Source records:
·····
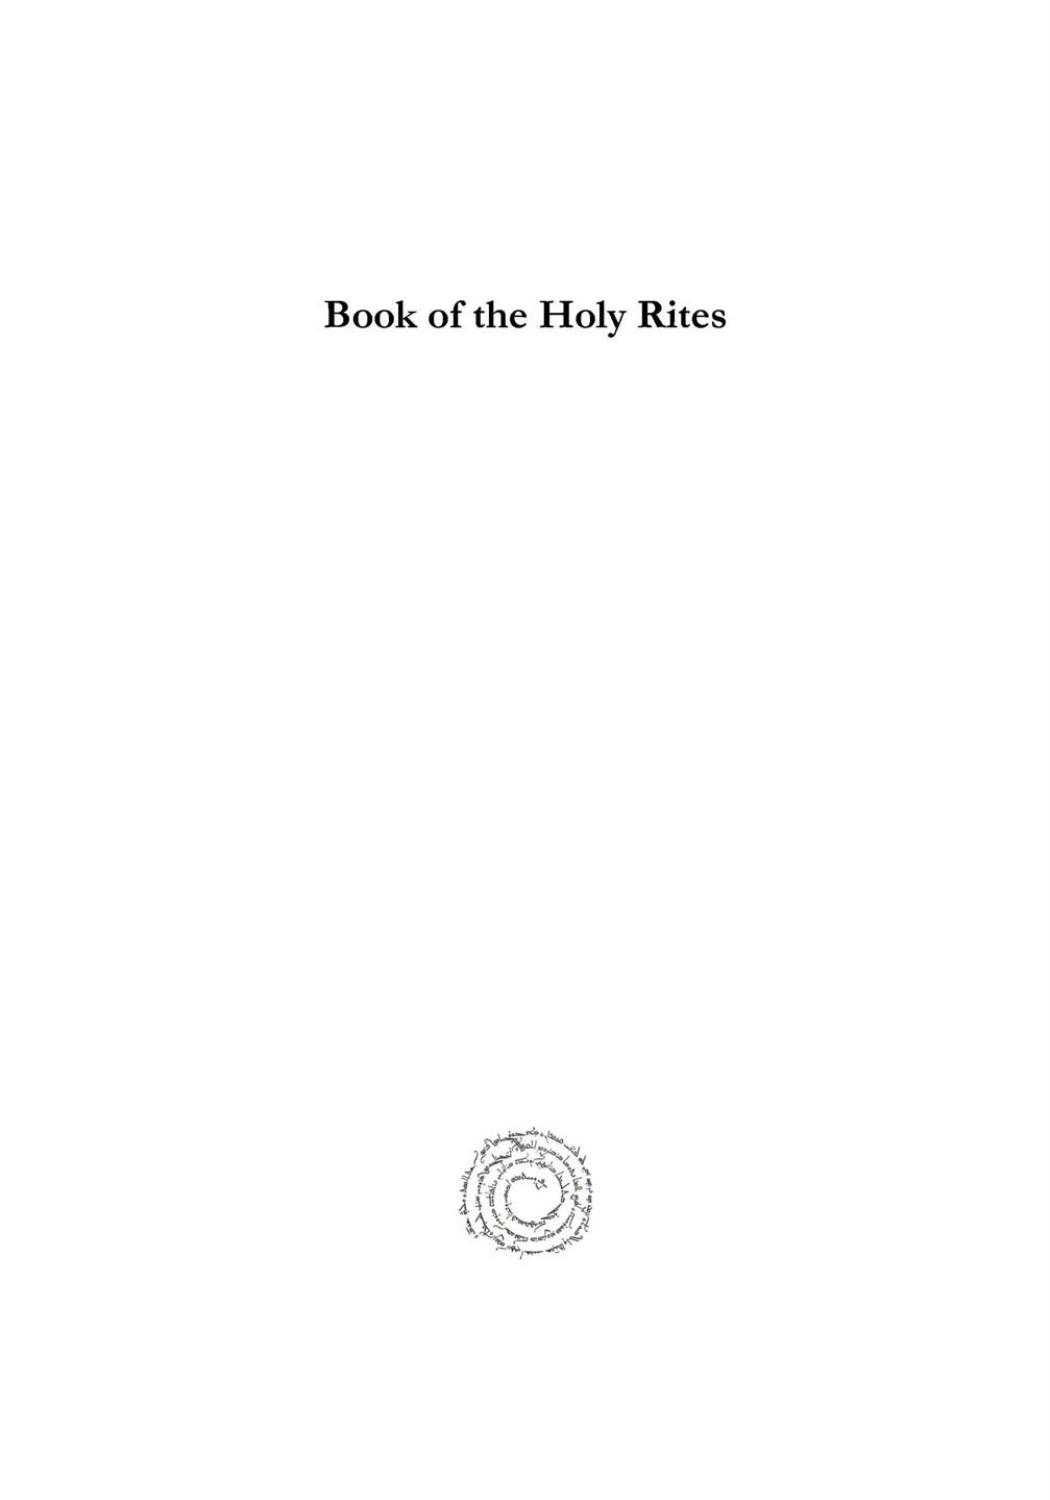 Book of the Holy Rites by Gorgias Press LLC
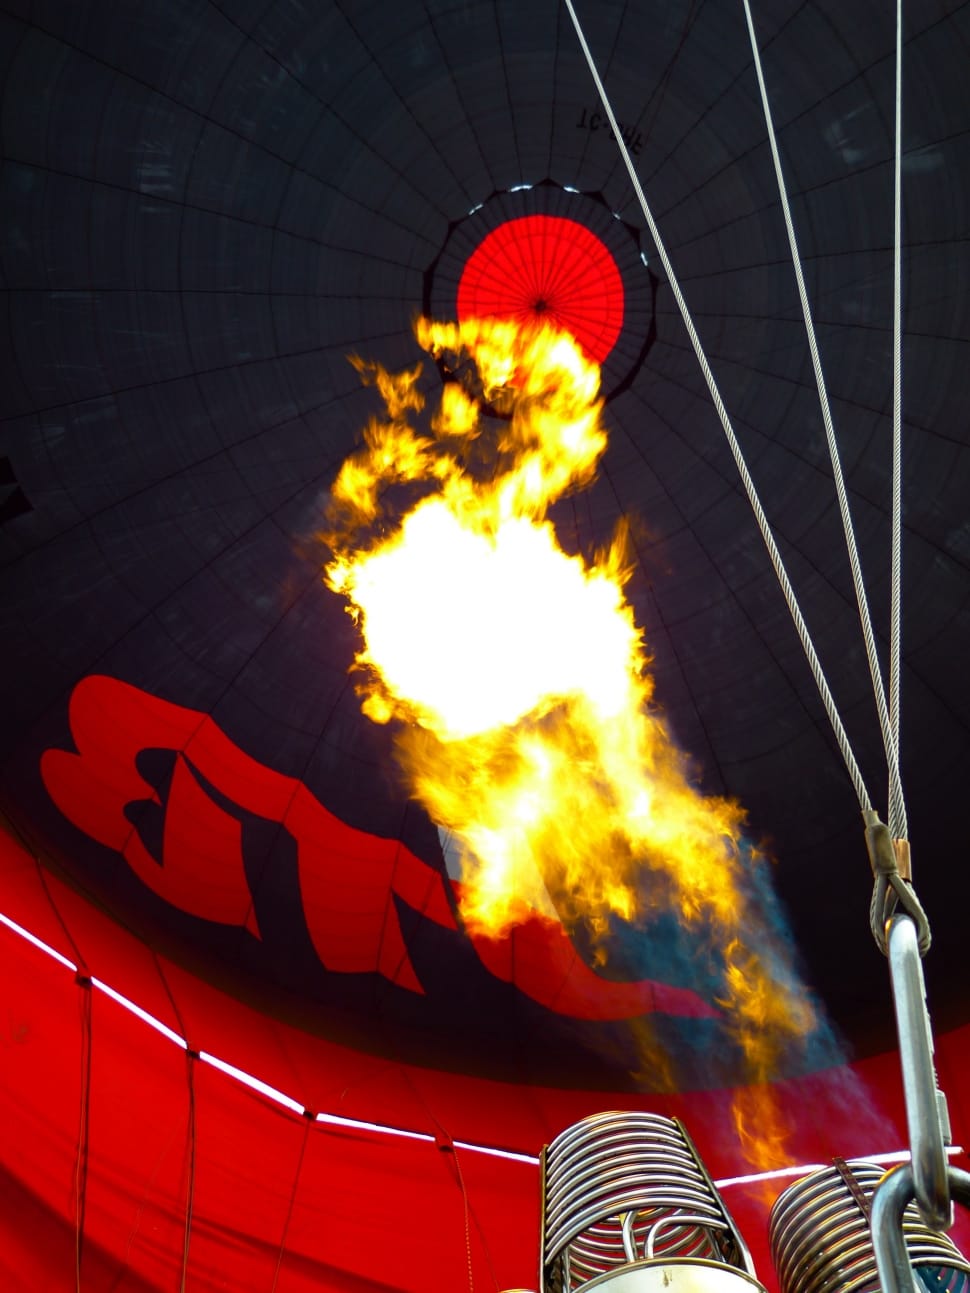 Captive Balloon, Hot Air Balloon, Burner, flame, burning preview
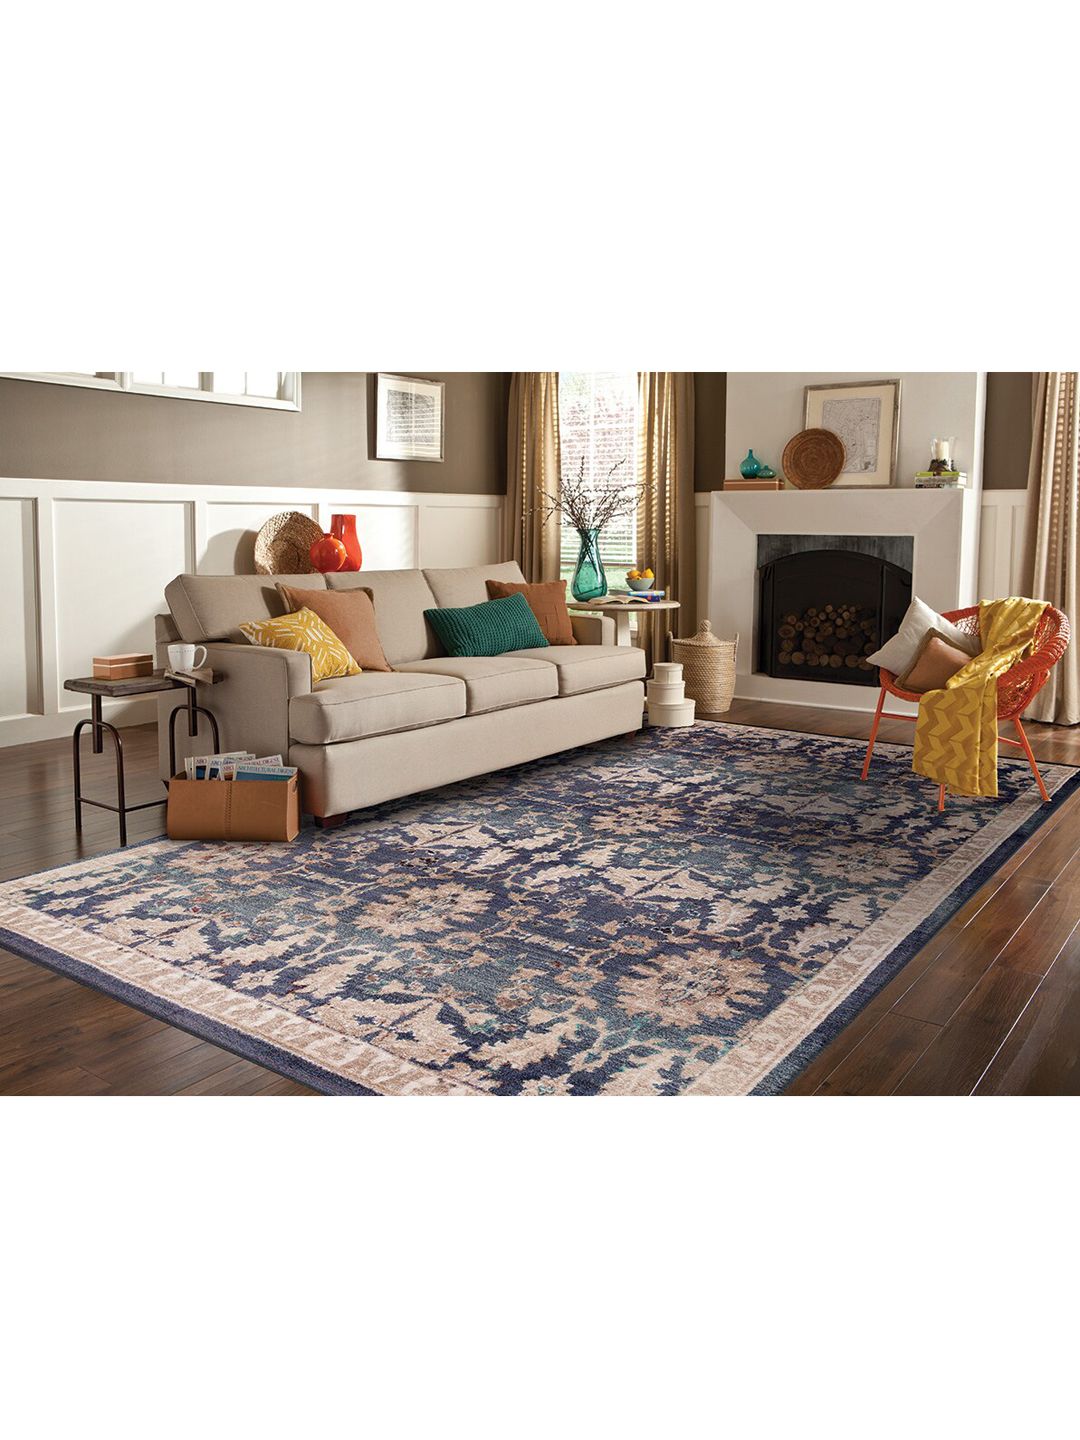 DDecor Blue & Beige Printed Floor Carpet Price in India
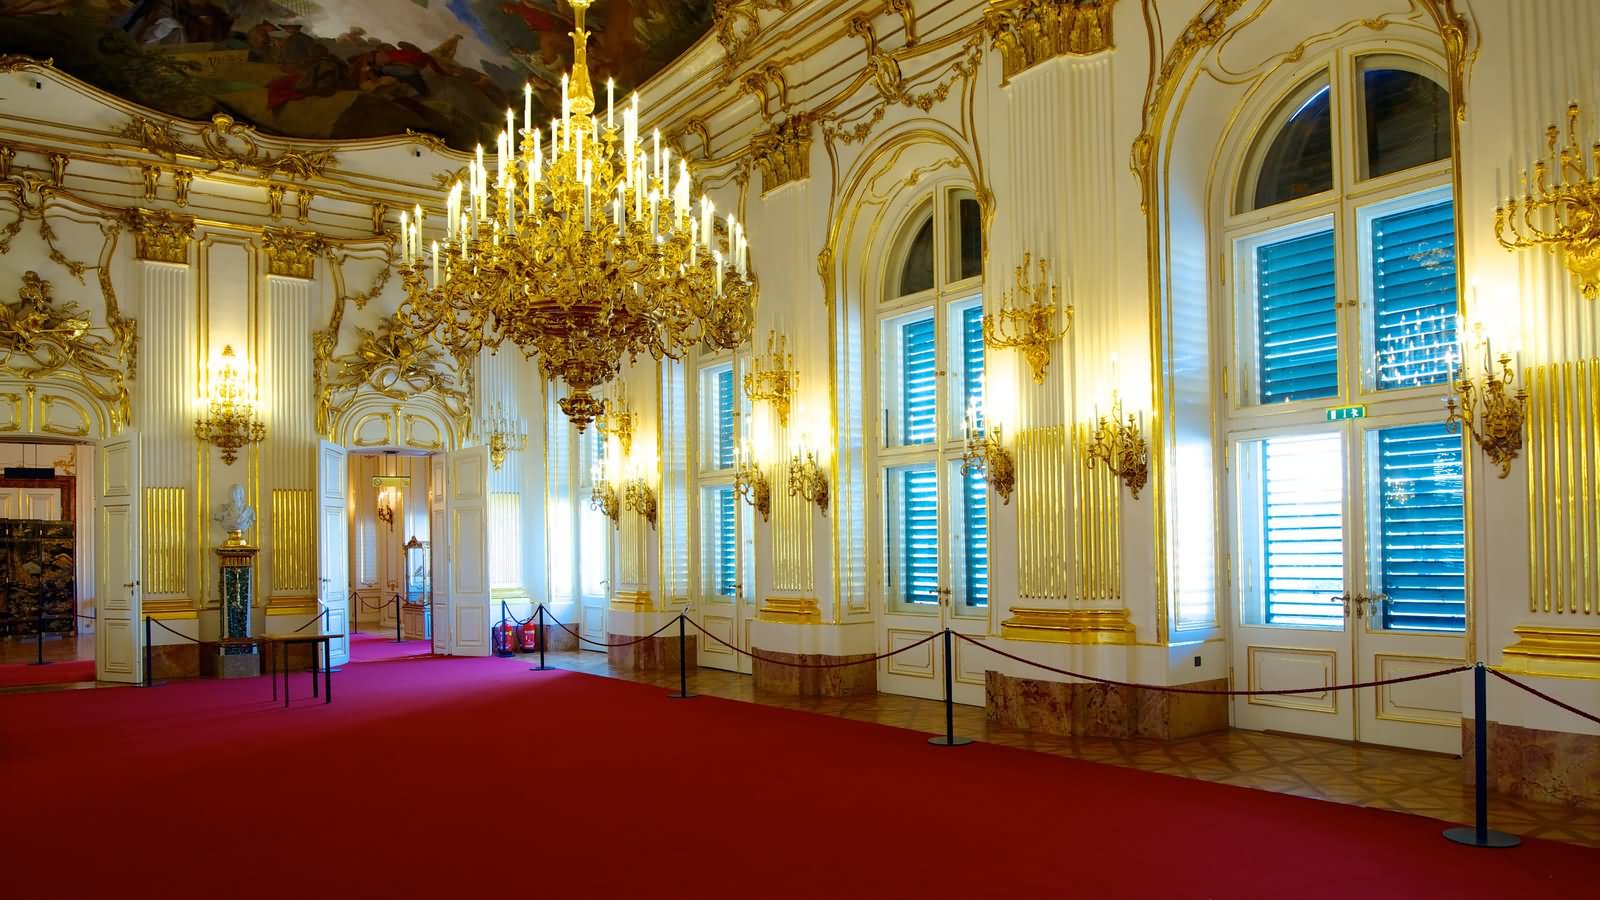 Interior View Of The Schonbrunn Palace In Vienna, Austria
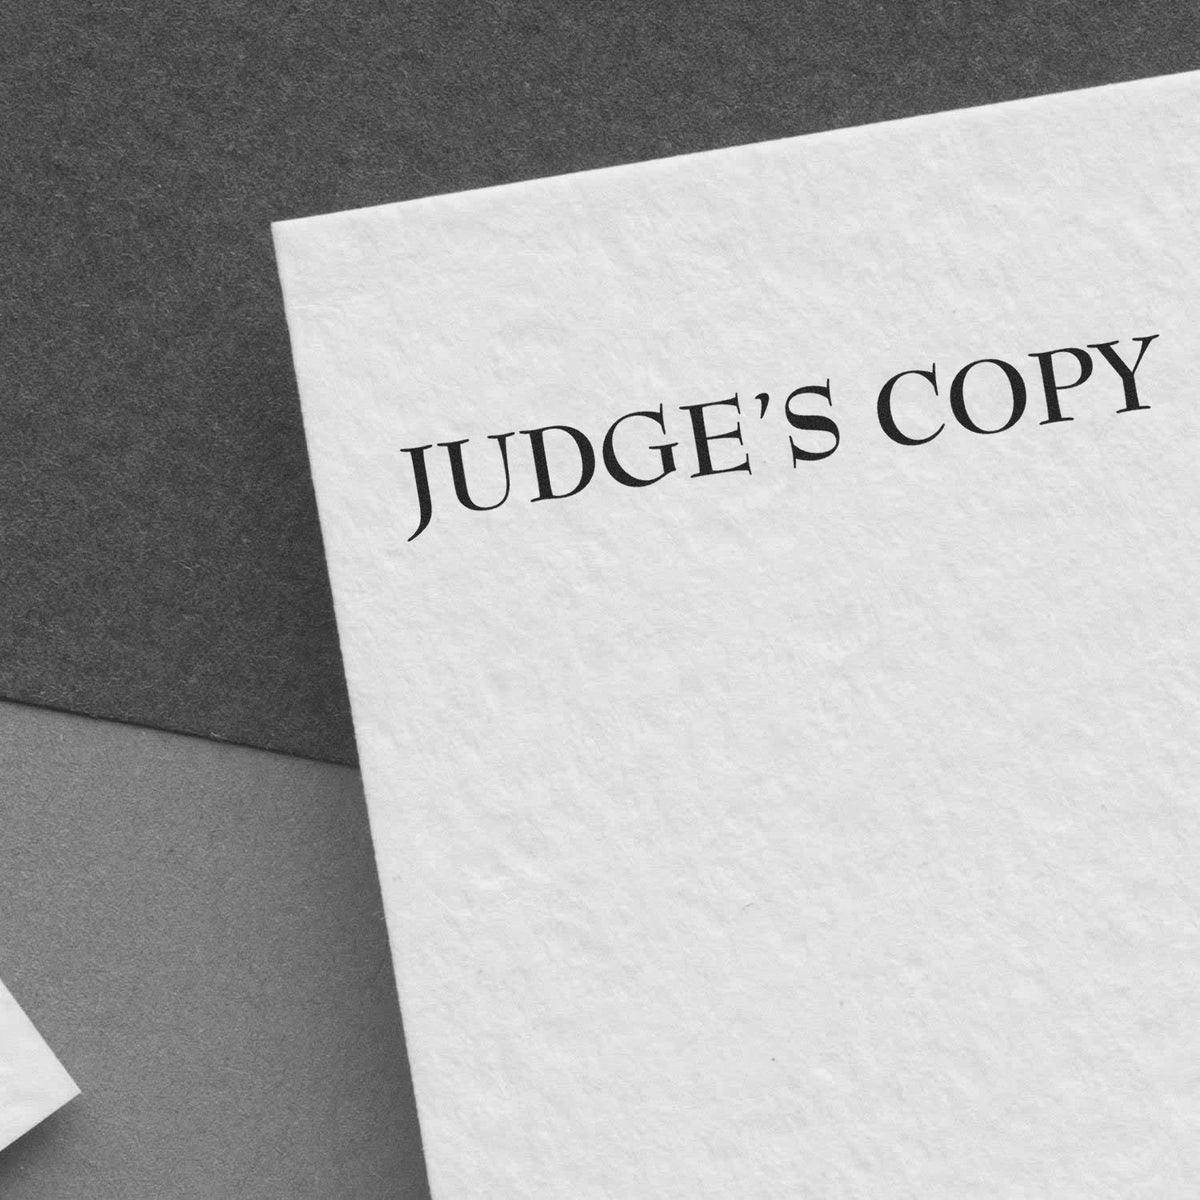 Self Inking Judges Copy Stamp Lifestyle Photo
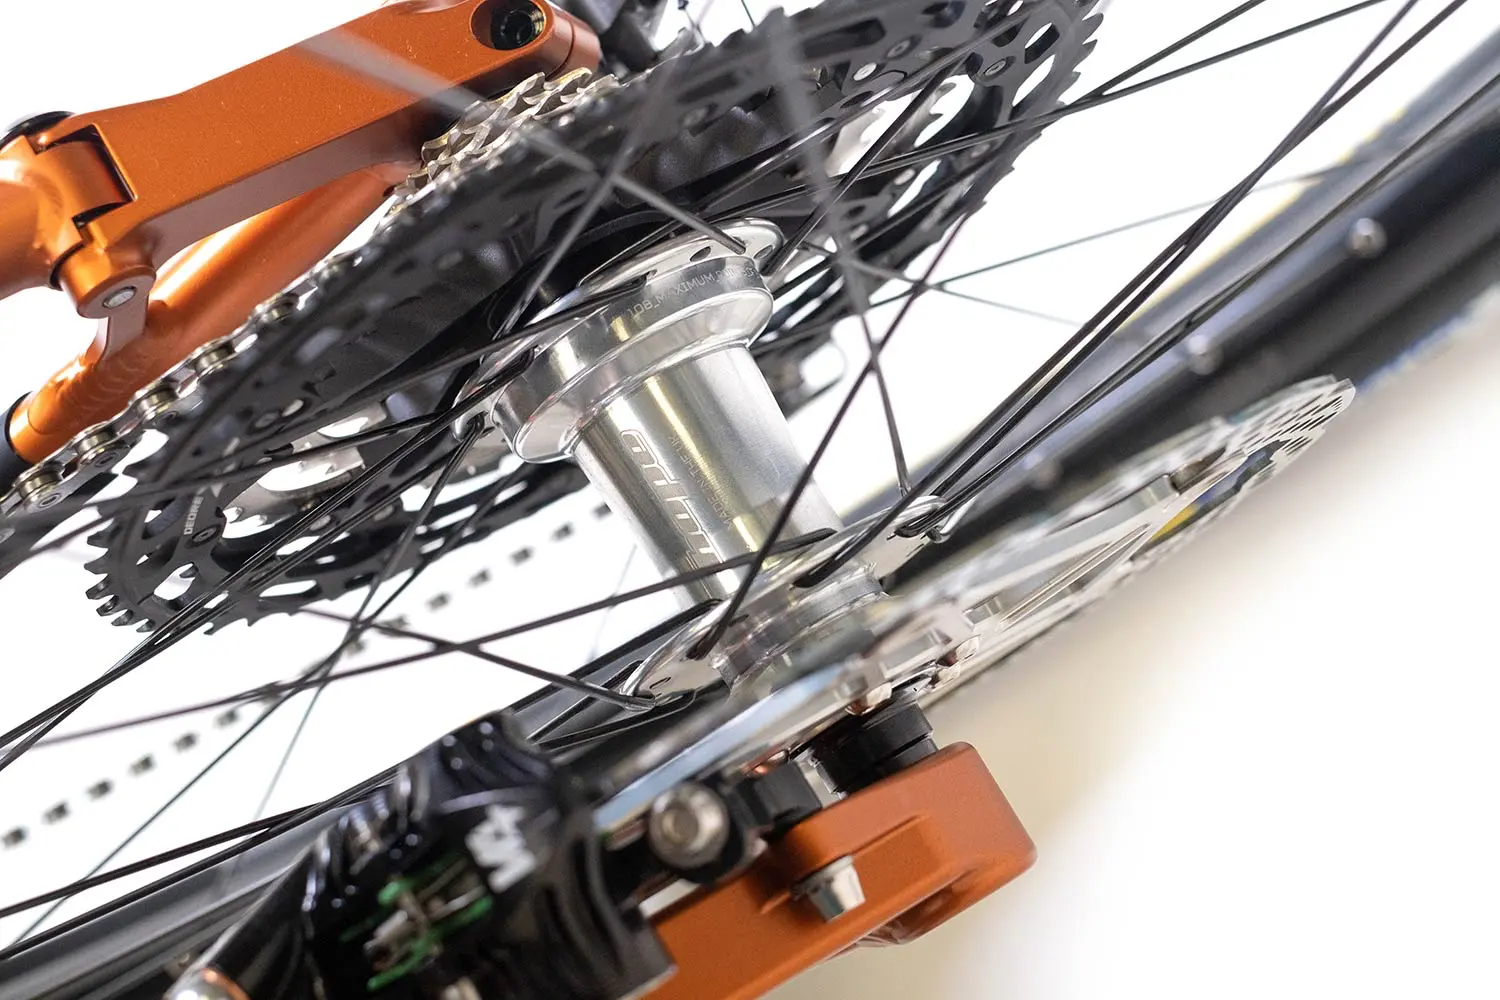 Cotic RocketMAX in Copper Orange, steel full suspension mountain bike, enduro, 29, uk made, british made, 853, longer lower slacker
·····
- _ABOUT THIS TASK_: Exclude the pictures, and output exactly the lines from the one with "Self Inking Judges" through the last line of the records, both included.

- _PROBLEM SOLUTION_:
 Self Inking Judges Copy Stamp Lifestyle Photo
 Cotic RocketMAX in Copper Orange, steel full suspension mountain bike, enduro, 29, uk made, british made, 853, longer lower slacker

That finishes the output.